### Try it
Range to output from the entries below: the line containing "Stanley ADVENTURE STAINLESS" through the line containing "Best rehabs in Saratoga Springs, NY". Set it down exactly, ends included, nothing else.

### Data for processing
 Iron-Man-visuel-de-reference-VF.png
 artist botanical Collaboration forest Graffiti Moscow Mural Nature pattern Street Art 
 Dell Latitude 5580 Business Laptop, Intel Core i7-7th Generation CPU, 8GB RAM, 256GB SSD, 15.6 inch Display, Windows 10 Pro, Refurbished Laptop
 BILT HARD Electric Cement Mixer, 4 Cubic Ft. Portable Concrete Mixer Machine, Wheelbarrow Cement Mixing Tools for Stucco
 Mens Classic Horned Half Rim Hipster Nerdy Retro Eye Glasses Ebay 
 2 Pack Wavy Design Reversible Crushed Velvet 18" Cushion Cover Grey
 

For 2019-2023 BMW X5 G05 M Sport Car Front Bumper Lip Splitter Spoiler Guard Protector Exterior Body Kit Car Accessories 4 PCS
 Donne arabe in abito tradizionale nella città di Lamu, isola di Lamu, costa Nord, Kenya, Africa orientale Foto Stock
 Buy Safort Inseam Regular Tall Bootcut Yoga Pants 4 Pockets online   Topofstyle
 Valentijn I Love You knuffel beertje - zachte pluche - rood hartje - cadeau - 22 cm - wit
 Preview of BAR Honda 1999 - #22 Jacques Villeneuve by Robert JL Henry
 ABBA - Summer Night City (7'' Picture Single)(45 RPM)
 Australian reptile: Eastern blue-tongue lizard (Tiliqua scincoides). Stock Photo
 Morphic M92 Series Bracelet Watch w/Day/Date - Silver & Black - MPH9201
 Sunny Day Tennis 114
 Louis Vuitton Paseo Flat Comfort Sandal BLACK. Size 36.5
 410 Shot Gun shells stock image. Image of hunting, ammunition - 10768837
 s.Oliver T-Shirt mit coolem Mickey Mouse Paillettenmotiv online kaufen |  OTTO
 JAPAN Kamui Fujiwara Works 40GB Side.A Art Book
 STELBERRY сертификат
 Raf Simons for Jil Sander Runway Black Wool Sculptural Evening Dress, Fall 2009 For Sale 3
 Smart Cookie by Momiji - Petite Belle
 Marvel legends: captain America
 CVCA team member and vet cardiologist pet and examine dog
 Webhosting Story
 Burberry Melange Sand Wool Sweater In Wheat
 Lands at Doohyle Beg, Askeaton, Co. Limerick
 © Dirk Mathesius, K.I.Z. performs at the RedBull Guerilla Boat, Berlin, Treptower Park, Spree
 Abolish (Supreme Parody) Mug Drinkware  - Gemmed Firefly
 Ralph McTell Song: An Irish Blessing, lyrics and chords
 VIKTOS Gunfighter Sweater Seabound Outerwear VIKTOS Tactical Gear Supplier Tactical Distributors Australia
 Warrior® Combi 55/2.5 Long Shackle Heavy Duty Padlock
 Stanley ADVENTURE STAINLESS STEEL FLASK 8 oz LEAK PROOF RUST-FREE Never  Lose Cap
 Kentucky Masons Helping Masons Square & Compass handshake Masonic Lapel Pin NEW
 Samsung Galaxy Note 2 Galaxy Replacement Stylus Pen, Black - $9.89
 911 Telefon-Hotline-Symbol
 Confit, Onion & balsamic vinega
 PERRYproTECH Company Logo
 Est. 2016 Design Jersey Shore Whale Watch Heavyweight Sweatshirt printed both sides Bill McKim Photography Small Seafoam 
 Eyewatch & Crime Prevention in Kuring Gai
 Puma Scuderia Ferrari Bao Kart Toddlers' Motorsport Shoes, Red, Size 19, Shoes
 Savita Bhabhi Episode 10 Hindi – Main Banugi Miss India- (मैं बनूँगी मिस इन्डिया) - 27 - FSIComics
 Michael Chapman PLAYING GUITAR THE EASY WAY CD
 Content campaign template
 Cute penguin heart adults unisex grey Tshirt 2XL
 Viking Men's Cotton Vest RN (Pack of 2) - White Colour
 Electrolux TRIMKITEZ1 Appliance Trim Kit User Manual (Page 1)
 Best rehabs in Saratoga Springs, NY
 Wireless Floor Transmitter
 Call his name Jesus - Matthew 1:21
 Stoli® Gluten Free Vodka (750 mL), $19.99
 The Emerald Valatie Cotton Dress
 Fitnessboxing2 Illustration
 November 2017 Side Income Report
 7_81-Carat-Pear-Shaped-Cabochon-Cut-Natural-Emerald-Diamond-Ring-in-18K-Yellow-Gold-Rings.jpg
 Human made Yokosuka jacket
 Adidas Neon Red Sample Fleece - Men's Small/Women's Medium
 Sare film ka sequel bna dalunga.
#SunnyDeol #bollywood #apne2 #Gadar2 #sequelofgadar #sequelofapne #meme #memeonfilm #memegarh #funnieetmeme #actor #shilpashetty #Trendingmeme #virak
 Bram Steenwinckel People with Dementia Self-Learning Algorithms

### Solution to the exercise
 Stanley ADVENTURE STAINLESS STEEL FLASK 8 oz LEAK PROOF RUST-FREE Never  Lose Cap
 Kentucky Masons Helping Masons Square & Compass handshake Masonic Lapel Pin NEW
 Samsung Galaxy Note 2 Galaxy Replacement Stylus Pen, Black - $9.89
 911 Telefon-Hotline-Symbol
 Confit, Onion & balsamic vinega
 PERRYproTECH Company Logo
 Est. 2016 Design Jersey Shore Whale Watch Heavyweight Sweatshirt printed both sides Bill McKim Photography Small Seafoam 
 Eyewatch & Crime Prevention in Kuring Gai
 Puma Scuderia Ferrari Bao Kart Toddlers' Motorsport Shoes, Red, Size 19, Shoes
 Savita Bhabhi Episode 10 Hindi – Main Banugi Miss India- (मैं बनूँगी मिस इन्डिया) - 27 - FSIComics
 Michael Chapman PLAYING GUITAR THE EASY WAY CD
 Content campaign template
 Cute penguin heart adults unisex grey Tshirt 2XL
 Viking Men's Cotton Vest RN (Pack of 2) - White Colour
 Electrolux TRIMKITEZ1 Appliance Trim Kit User Manual (Page 1)
 Best rehabs in Saratoga Springs, NY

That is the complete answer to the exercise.